───── Data listing

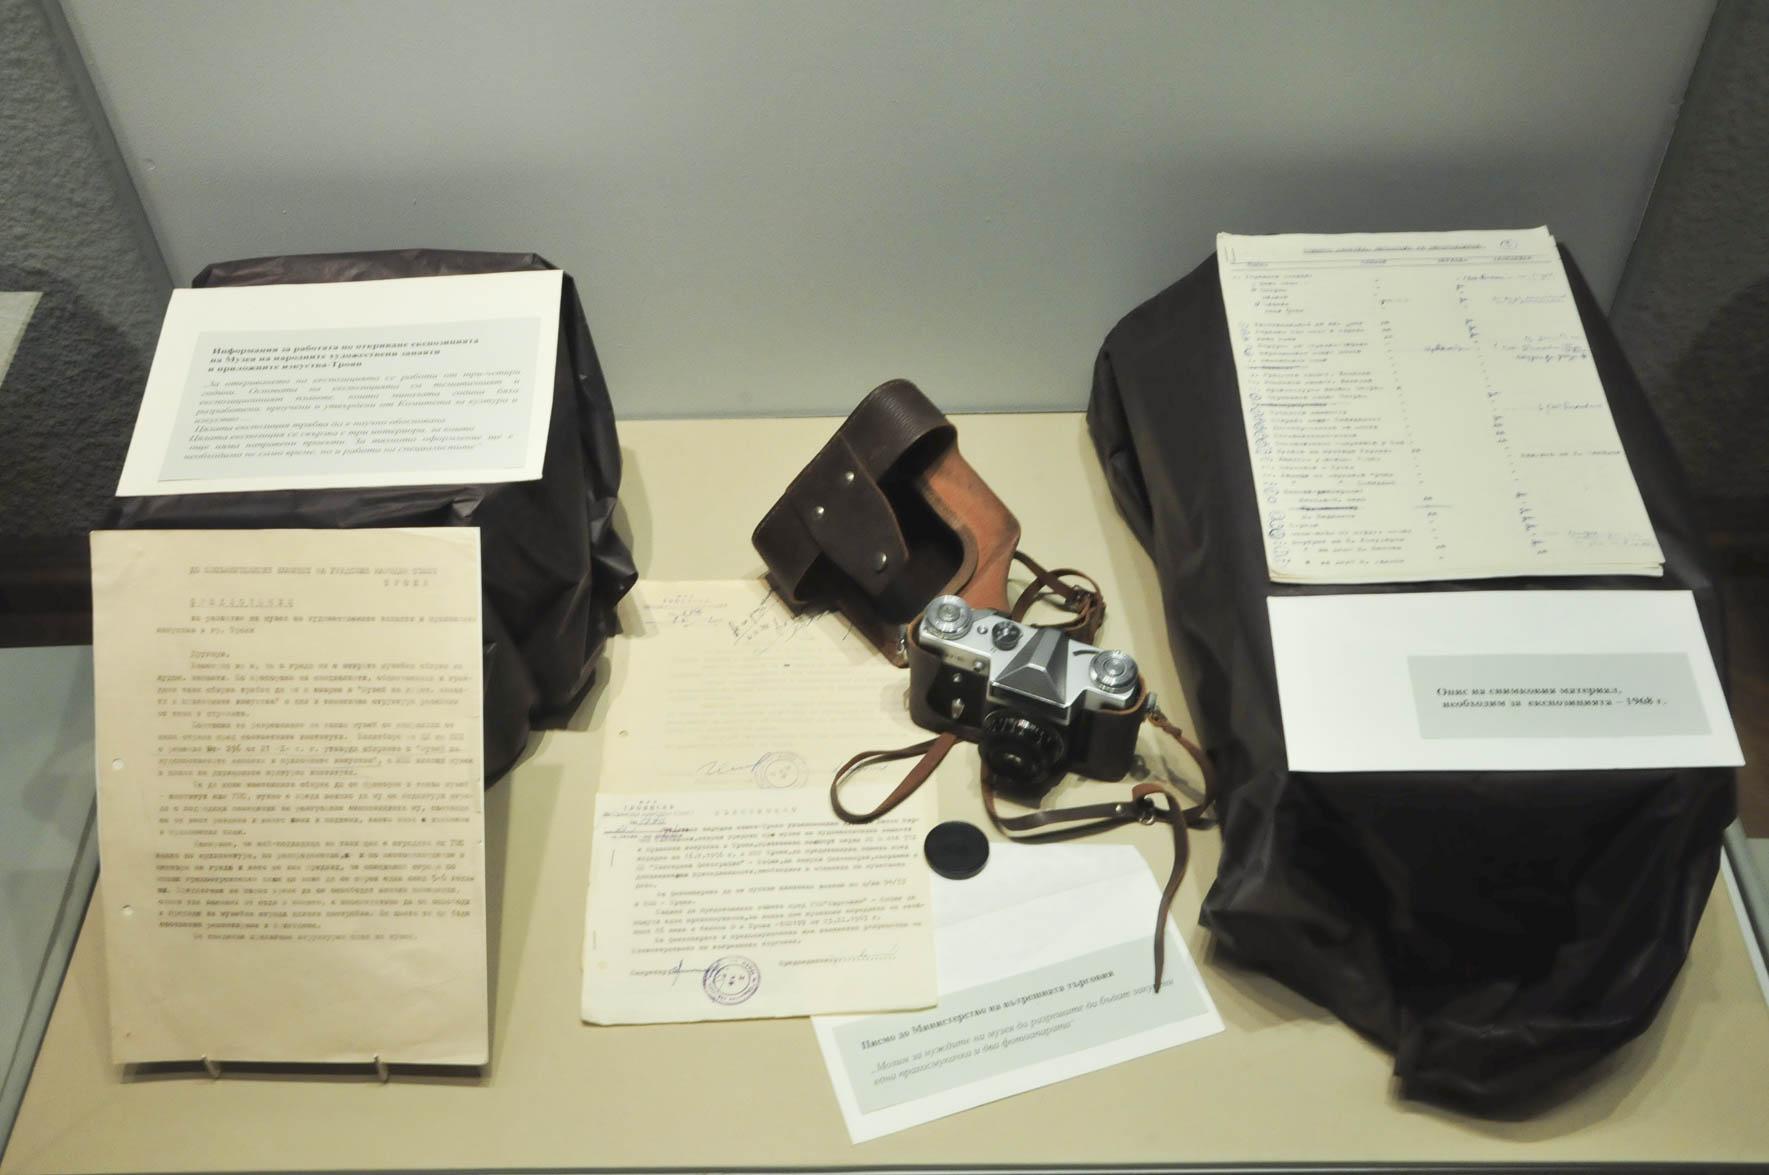 troyan-museum-razkaz-dokumenti-34
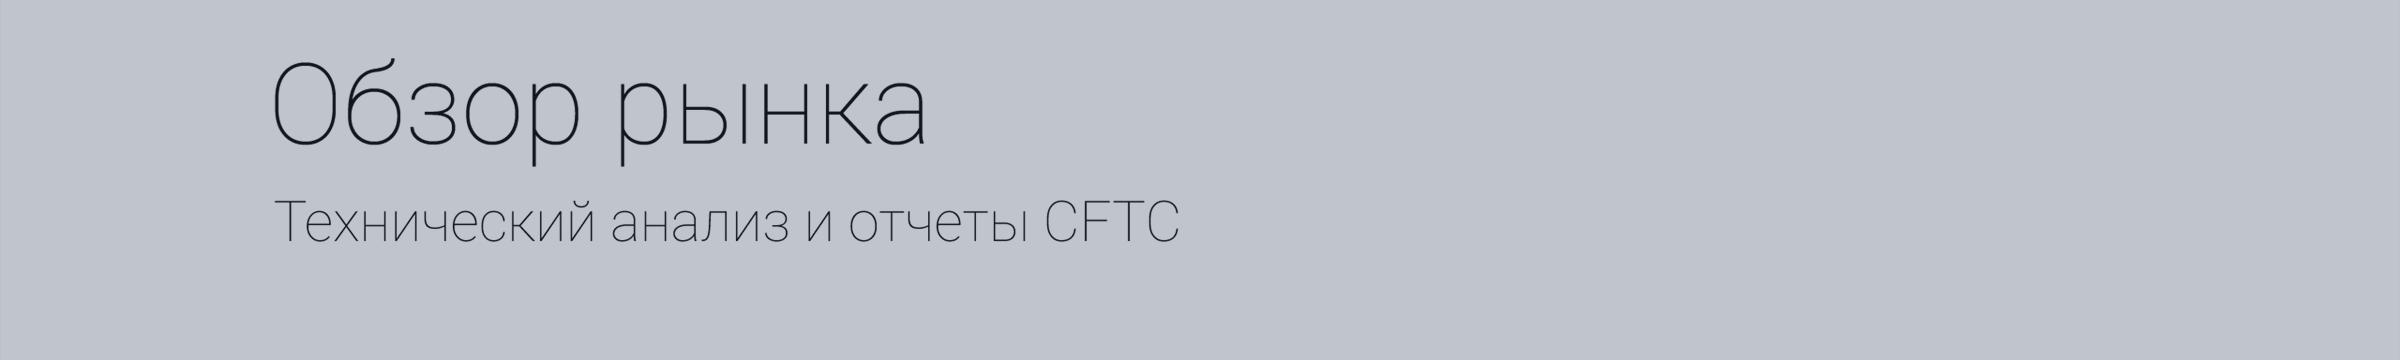 Еженедельный обзор финансовых рынков. Технический анализ и отчеты CFTC (16 - 22 мая)
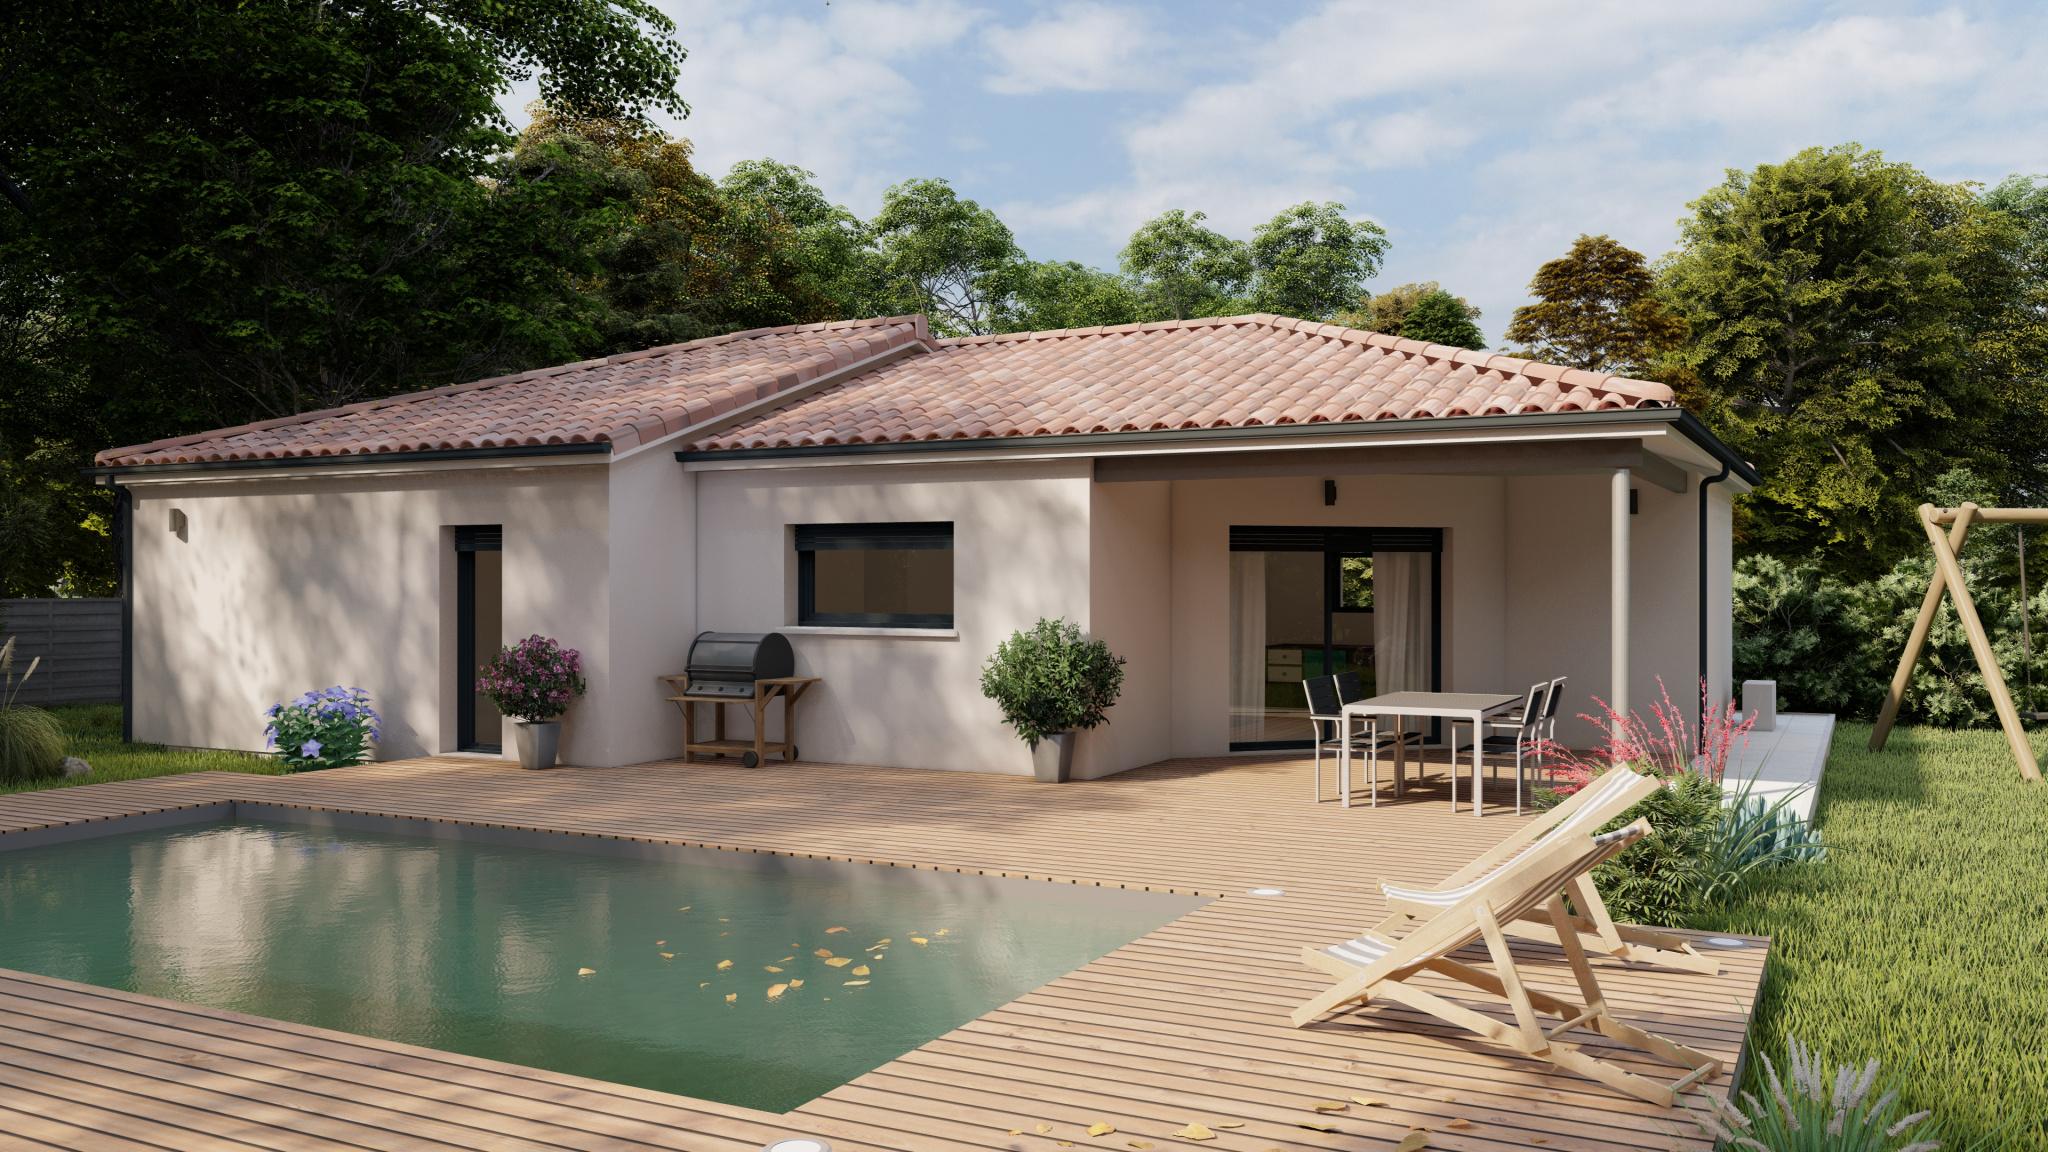 Vente maison à Bas mauco (40500) de 102 m2 habitable sur terrain de 690 m2
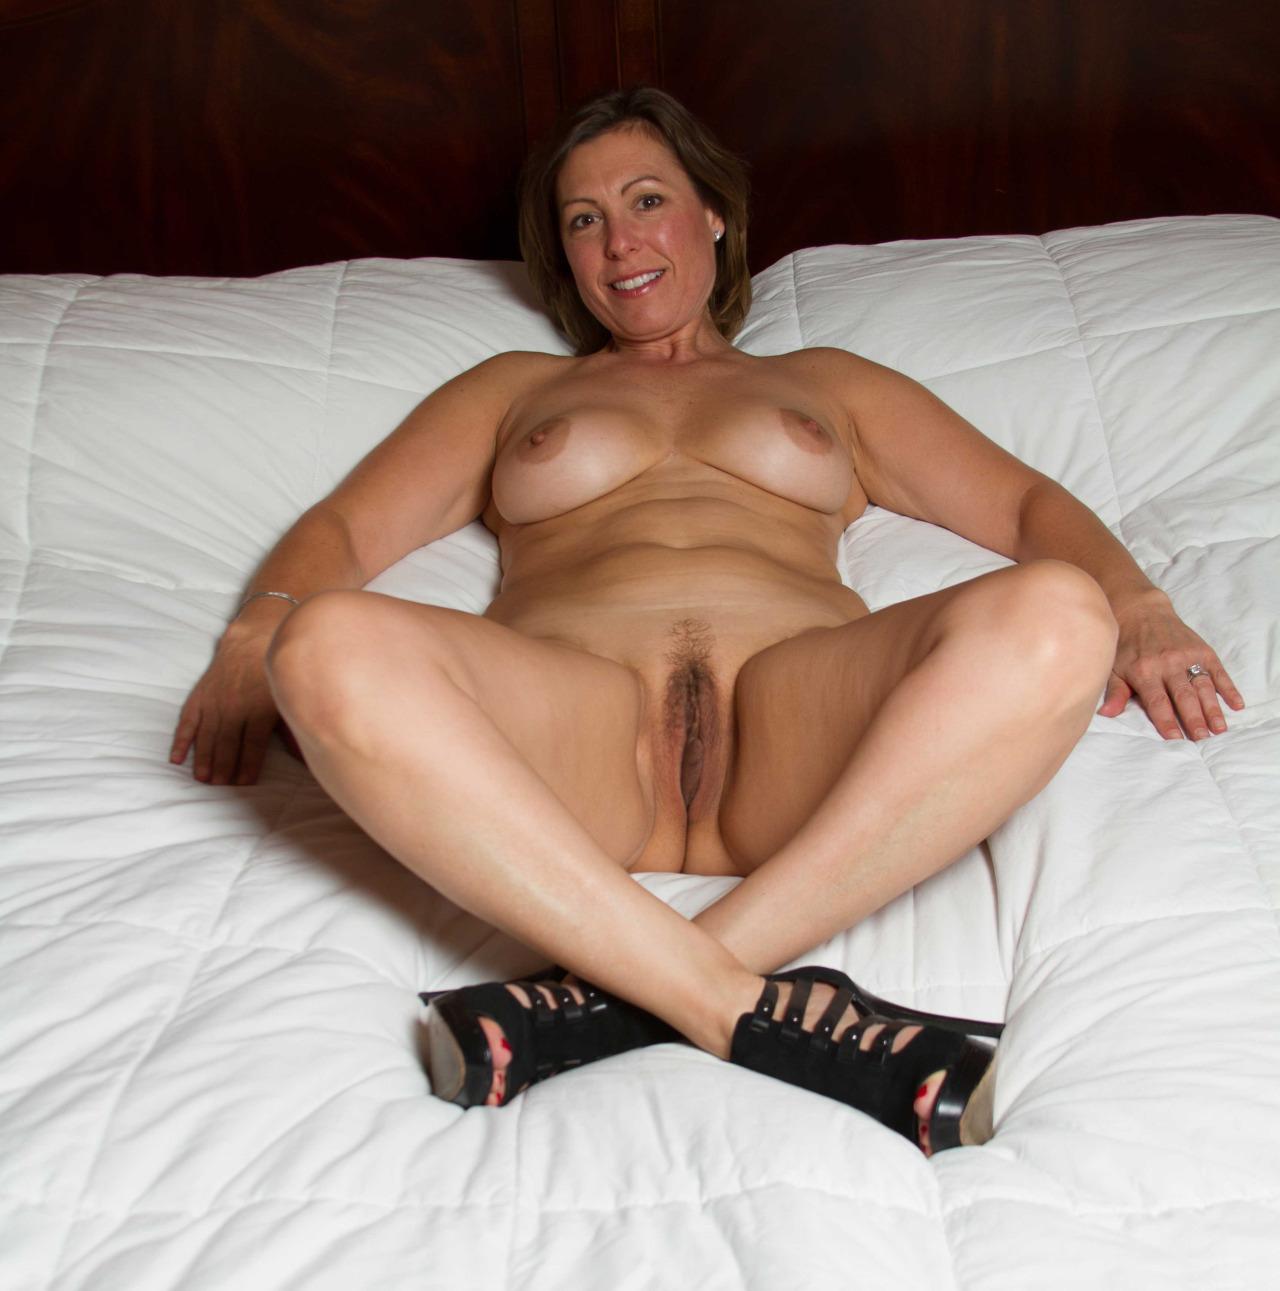 maman nue en photo sexe  118
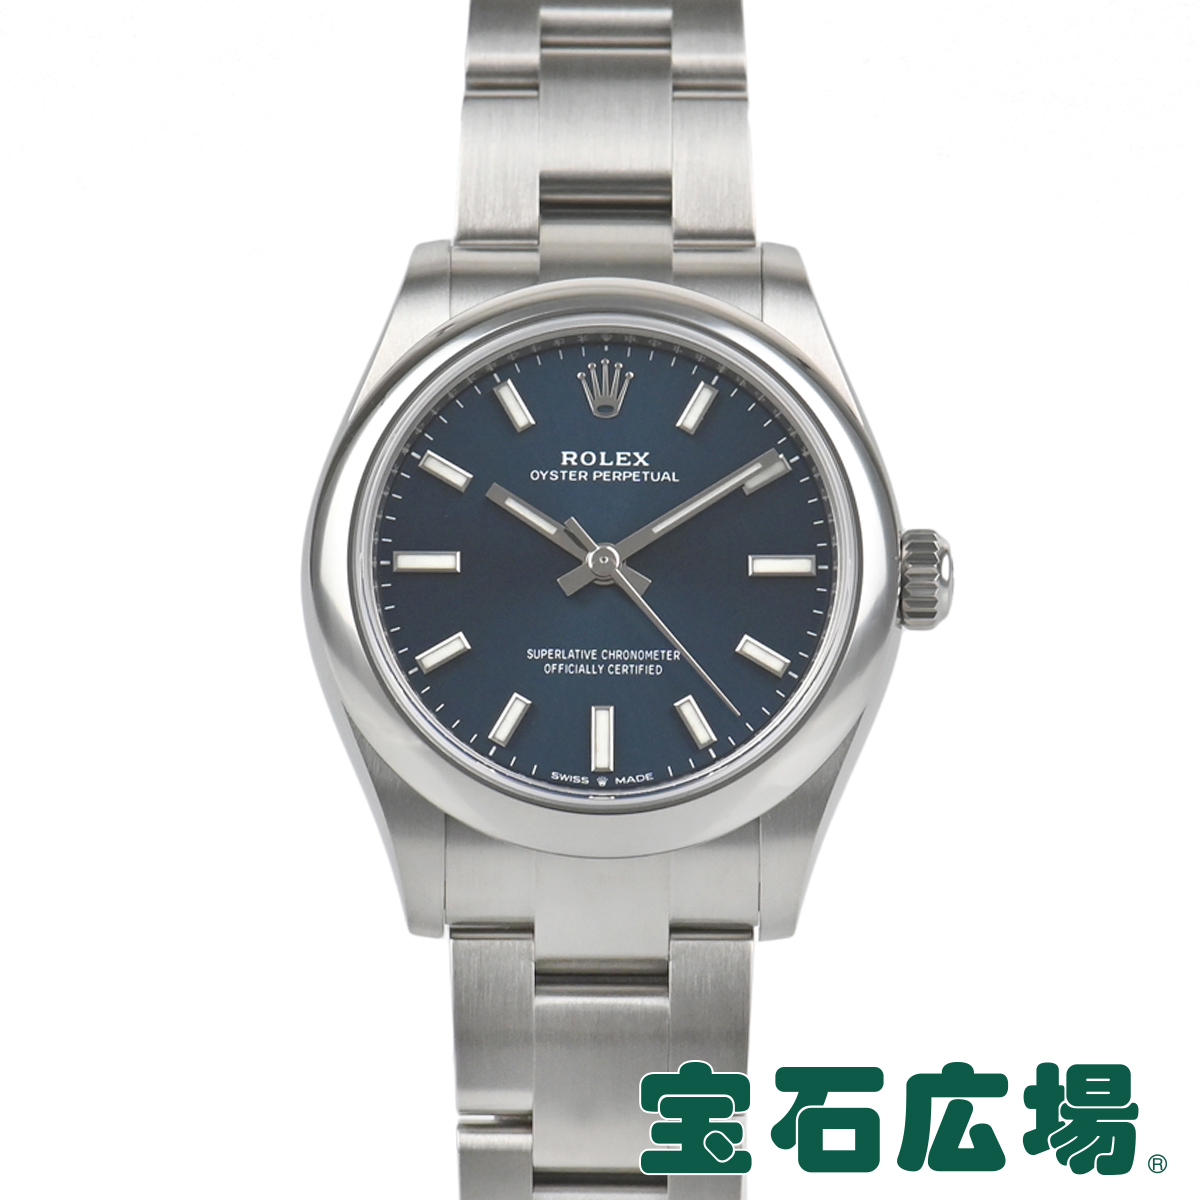 商舗 ロレックス オイスターパーペチュアル31 277200 新品 腕時計 限定特価 送料無料 ROLEX ユニセックス

──────────

→ **Work required**:
Print exactly the lines from the line with "maman nue en" through the end of the data, both ends included, and print no pictures.

→ **Reply to the task**:
 maman nue en photo sexe  118
 商舗 ロレックス オイスターパーペチュアル31 277200 新品 腕時計 限定特価 送料無料 ROLEX ユニセックス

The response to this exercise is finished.